* Activity:
Give the data back exactly. Leave out any images.

* Dataset excerpt:
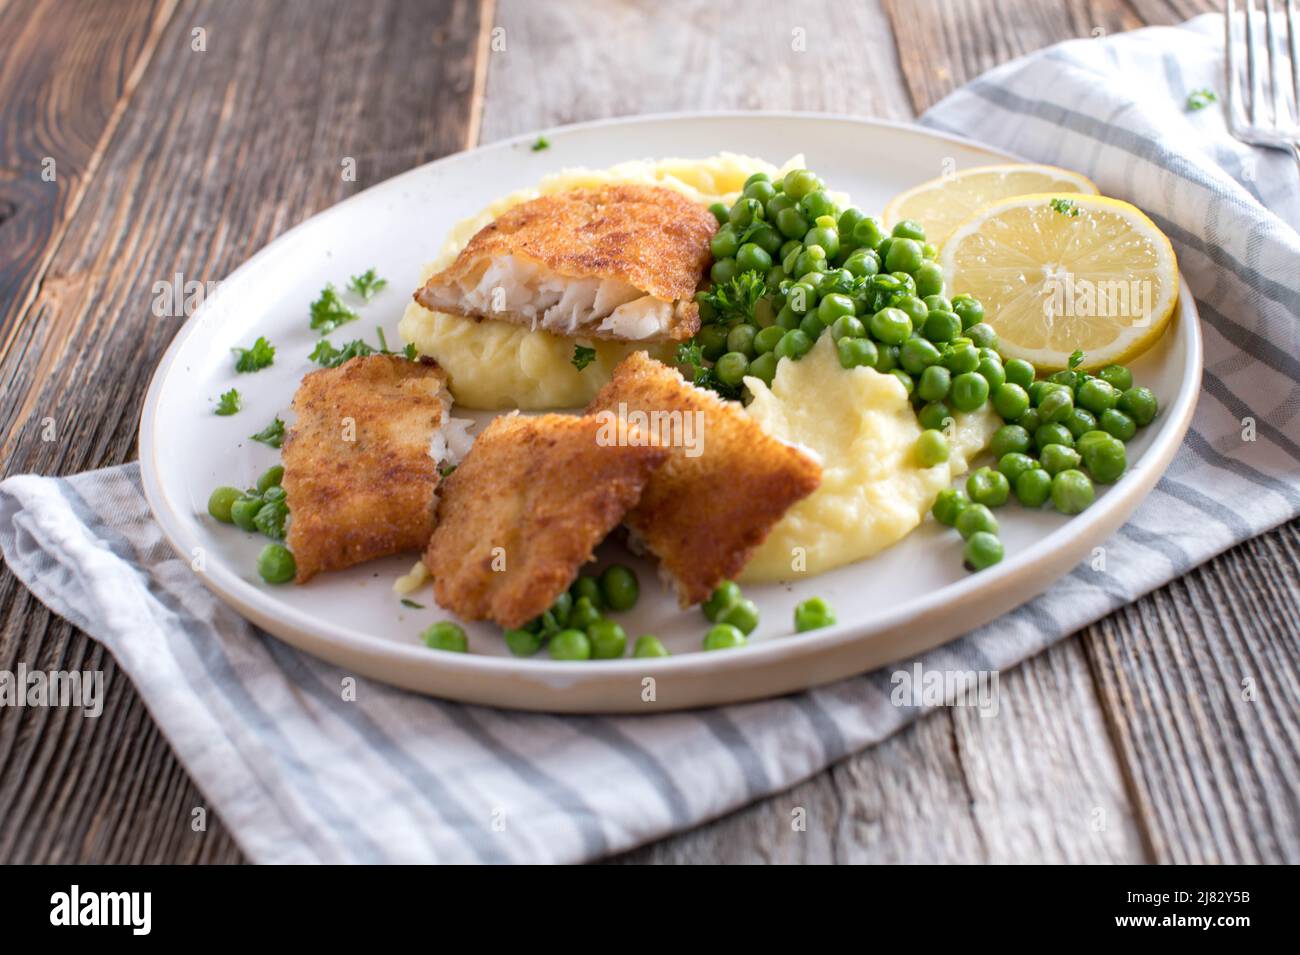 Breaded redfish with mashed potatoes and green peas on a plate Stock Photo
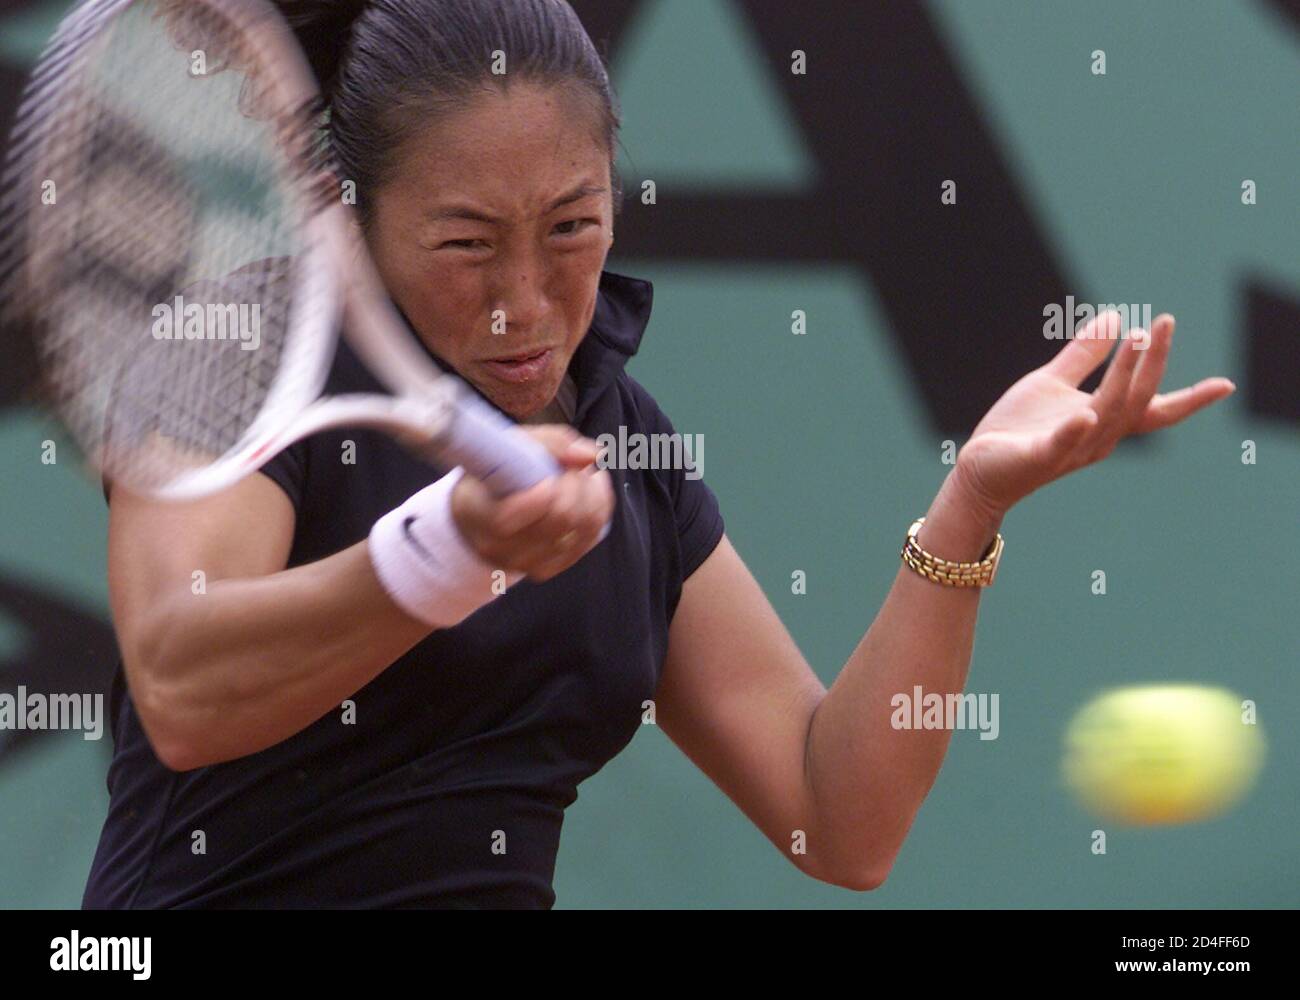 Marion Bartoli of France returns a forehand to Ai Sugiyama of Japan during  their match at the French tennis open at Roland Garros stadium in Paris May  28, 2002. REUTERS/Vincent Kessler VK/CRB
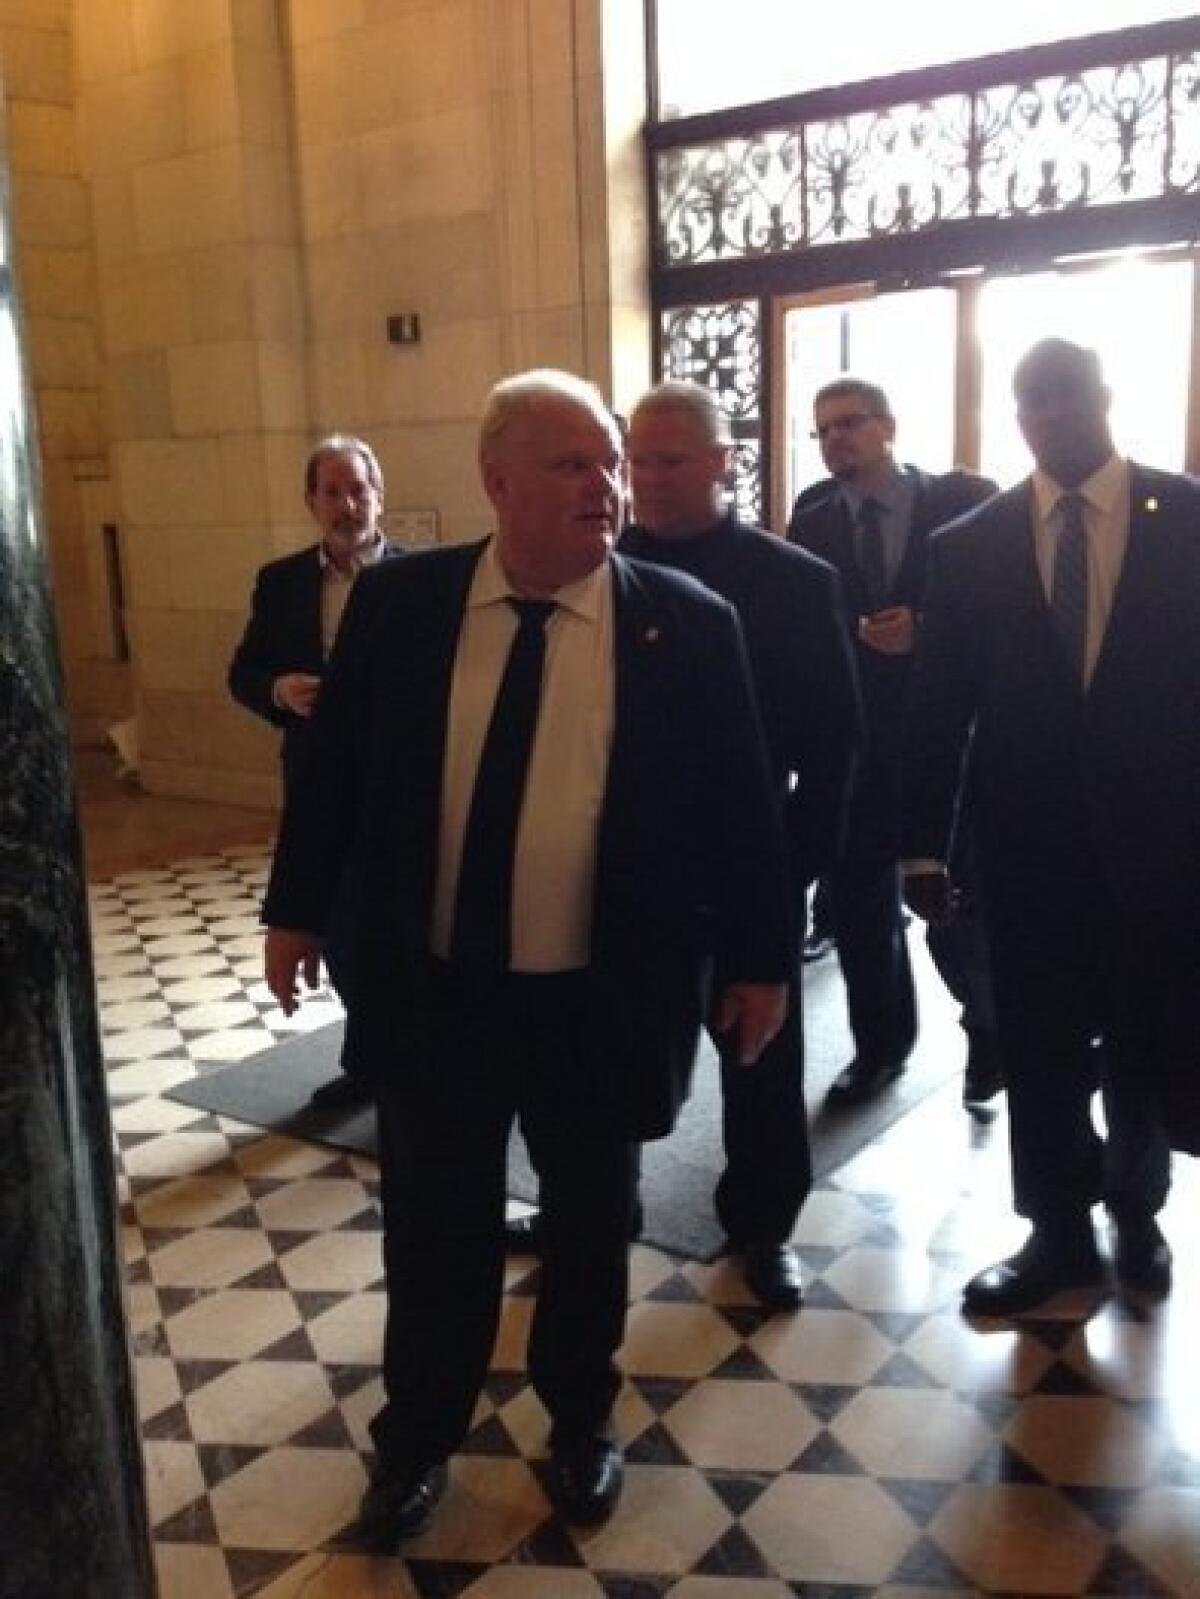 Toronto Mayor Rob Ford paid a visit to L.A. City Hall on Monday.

* Written response:
 Breaded redfish with mashed potatoes and green peas on a plate Stock Photo
 Marion Bartoli of France returns a forehand to Ai Sugiyama of Japan during  their match at the French tennis open at Roland Garros stadium in Paris May  28, 2002. REUTERS/Vincent Kessler VK/CRB
 Toronto Mayor Rob Ford paid a visit to L.A. City Hall on Monday.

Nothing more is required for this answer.